Example - store error message text off-world (web
server)
Alternative - keeping all of the text in a script (poor
use of memory) or a local Notecard (can be slow)
11. Each script can have only 1 timer
event pending
Solution:
Have a separate 'timers' script that will manage
multiple stacked and/or interleaved timers, which
are then signalled by using llMessageLinked( );
12. Too many link messages...
LSL has an event queue of 64 events, then events
get dropped (without warning)
Solution: use a link message 'logging script' to see
what actual sequence of messages are being
sent, to where, and when (this is a great
debugging technique, will help you confirm your
design is working as expected, and help eliminate
extra link message traffic)
13. Too many link messages...
Solution: have scripts ignore high-frequency link
messages by filtering them out first, before
checking all of the other things that the script must
do.
if (num != 12000) return;
<rest of your code>
14. Too many link messages...
Separate the scripts into functional groups and put
the groups of scripts into separate prims.
llMessageLinked(<prim number>,...) lets you
direct the message to a particular destination
prim, reducing the amount of messages that ALL
of the scripts need to process.
(You might consider this link message "routing")
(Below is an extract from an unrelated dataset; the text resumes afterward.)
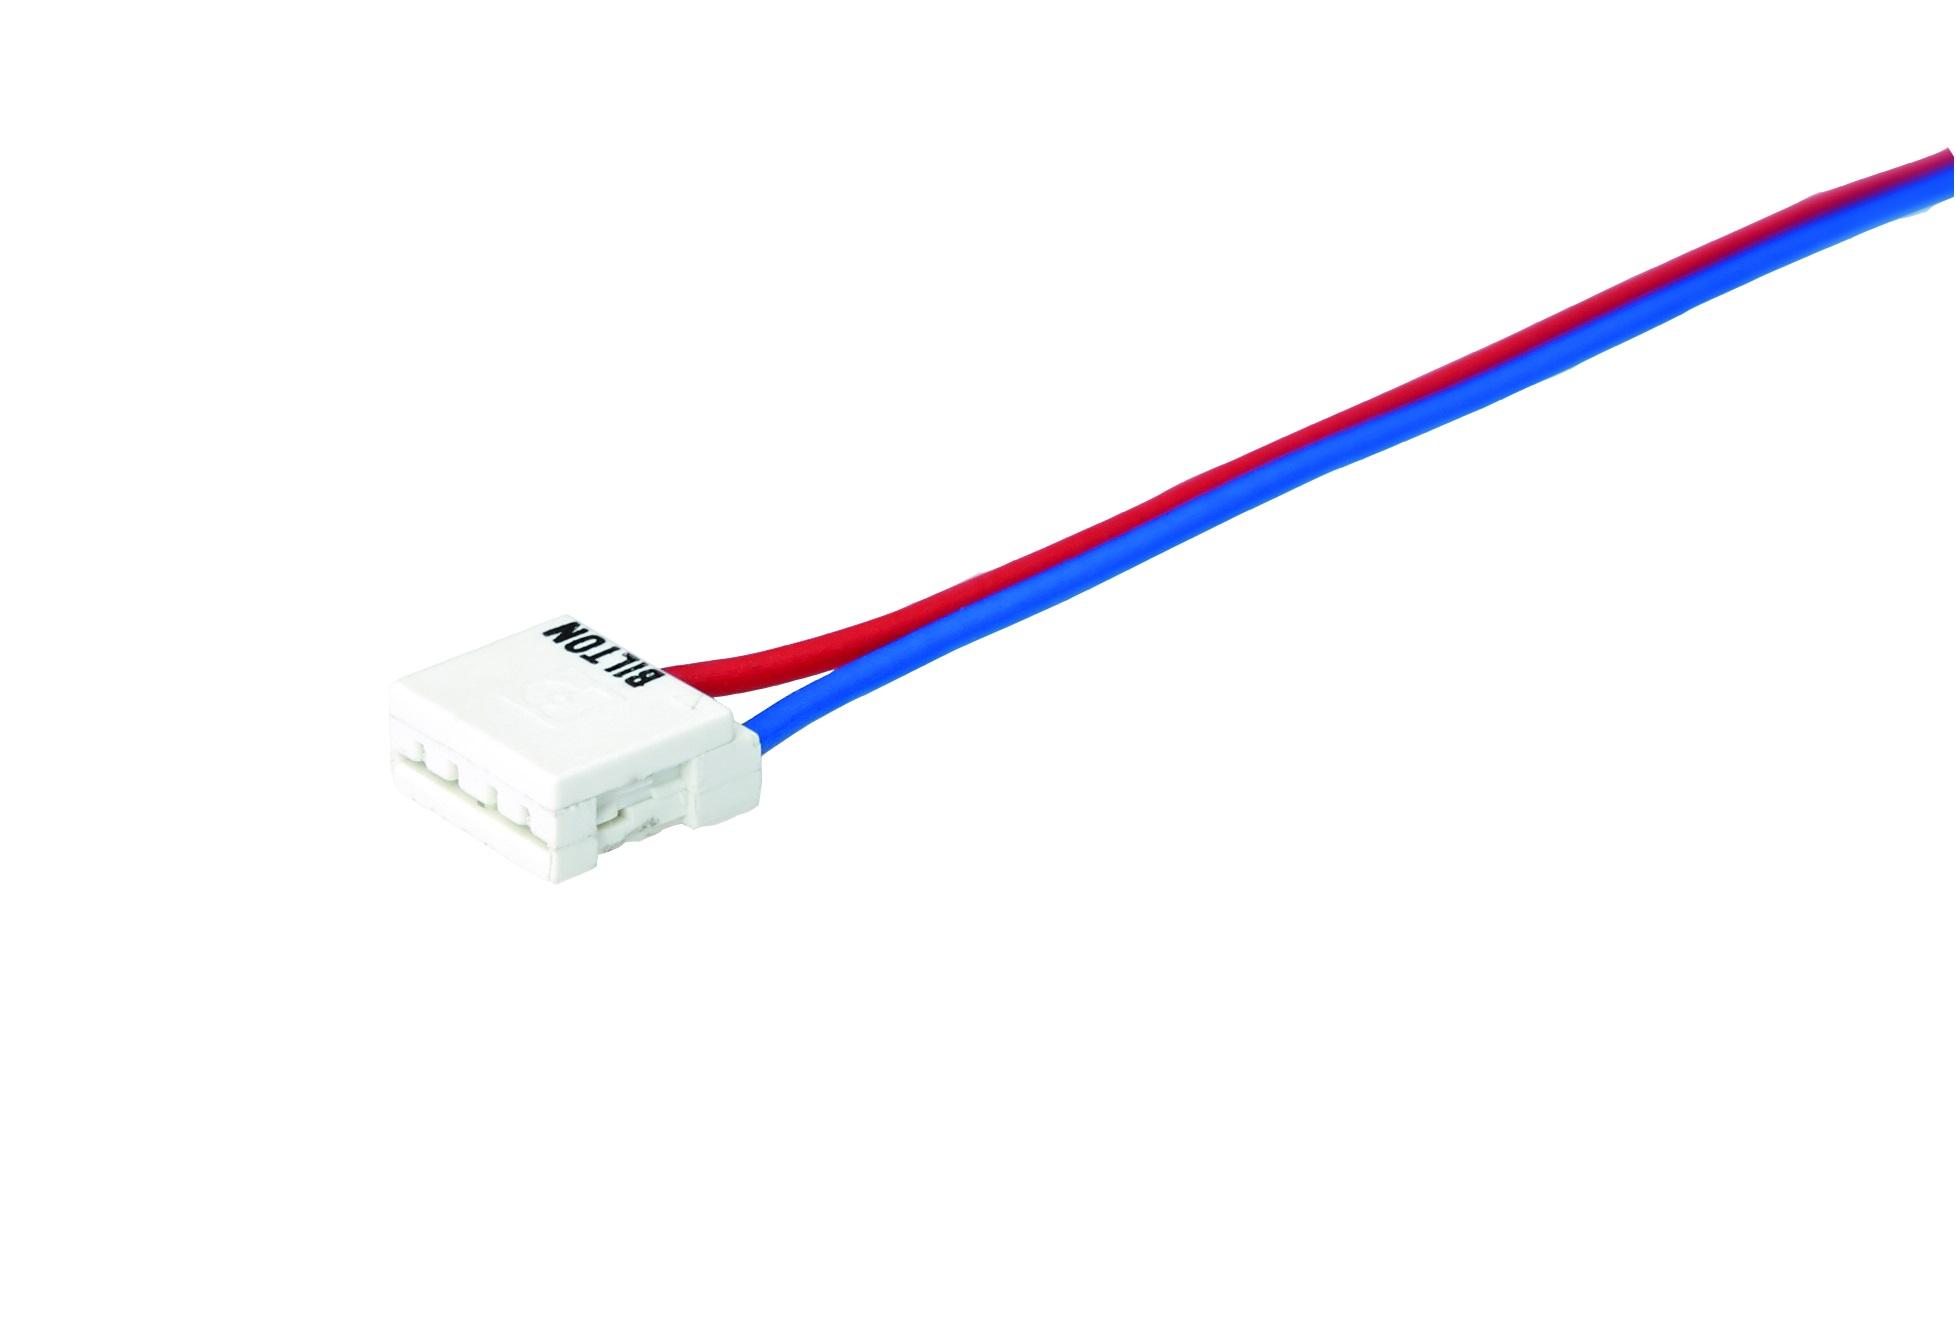 1 Stk 2-polige Anschlussleitung 500mm mit Connector LIBICWC150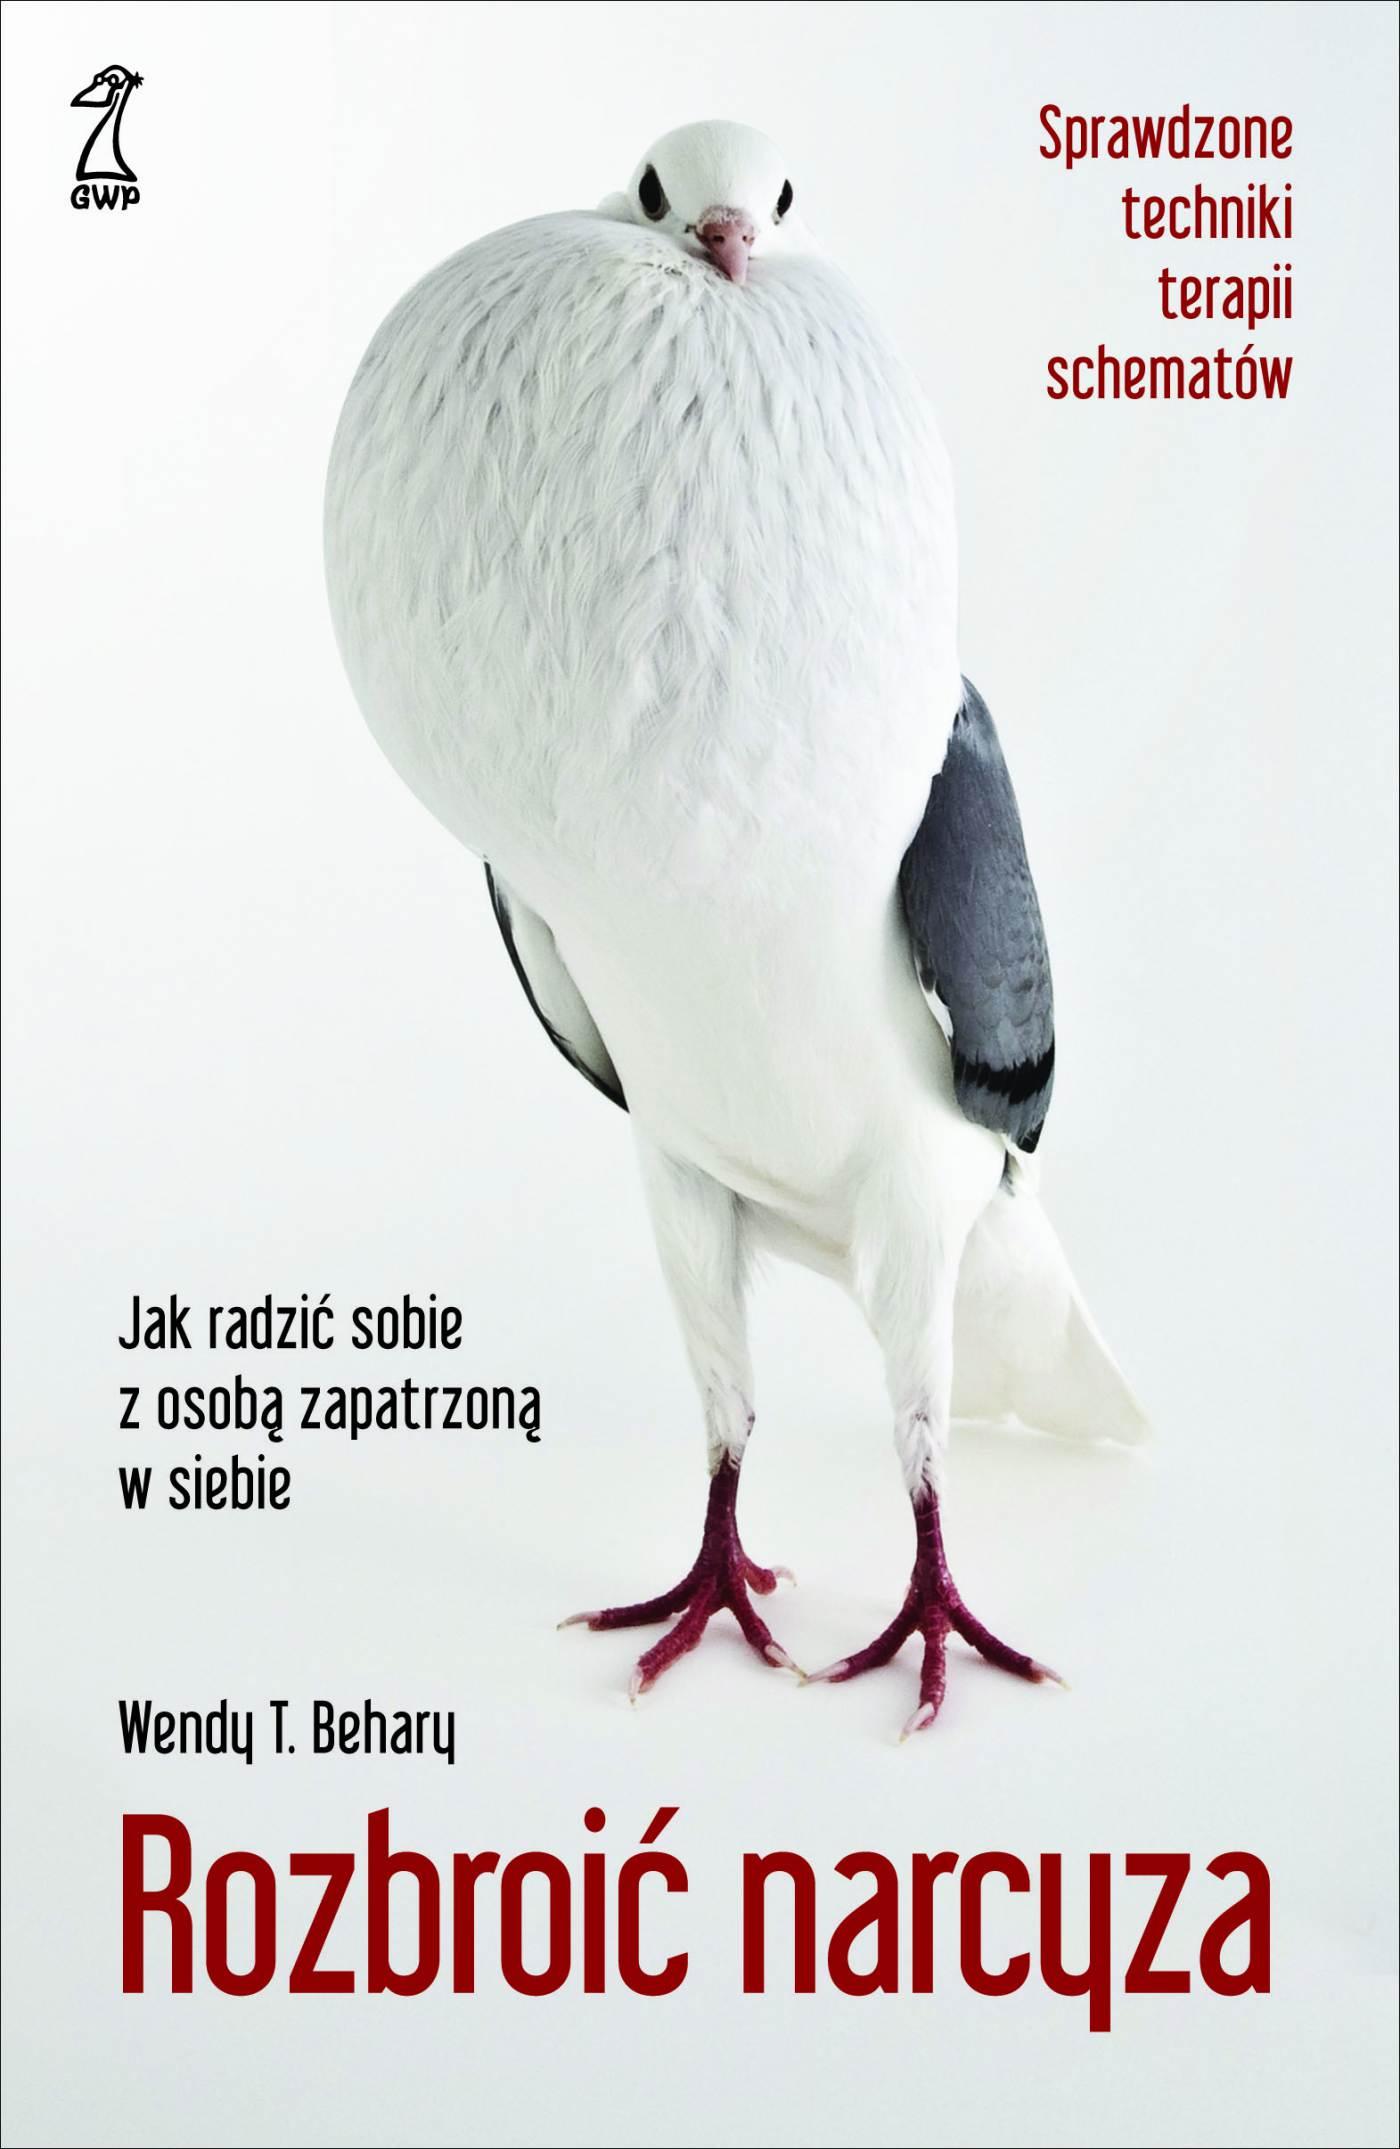 Rozbroić narcyza. Jak radzić sobie z osobą zapatrzoną w siebie - Ebook (Książka na Kindle) do pobrania w formacie MOBI

15. Too many link messages...
For scripts that broadcast 'status' or data updates,
have them cache the previous version of what
was sent out.
If the data hasn't changed, don't send it again
(Suggestion: have a way to force the message to
be sent, in some circumstances)
16. Too many link messages...
Solution: Localize code, to reduce link message
'noise', so it's a procedure call, not a link msg
Avoid over-factoring your code into too many
scripts.
(This can be difficult, in very large projects)
17. Unreliable code execution order
In SL, you have to take extreme measures to
control the order in which scripts reset, start, or
run. Very complicated sets of parallel scripts can
exhibit widely varying or intermittent behavior.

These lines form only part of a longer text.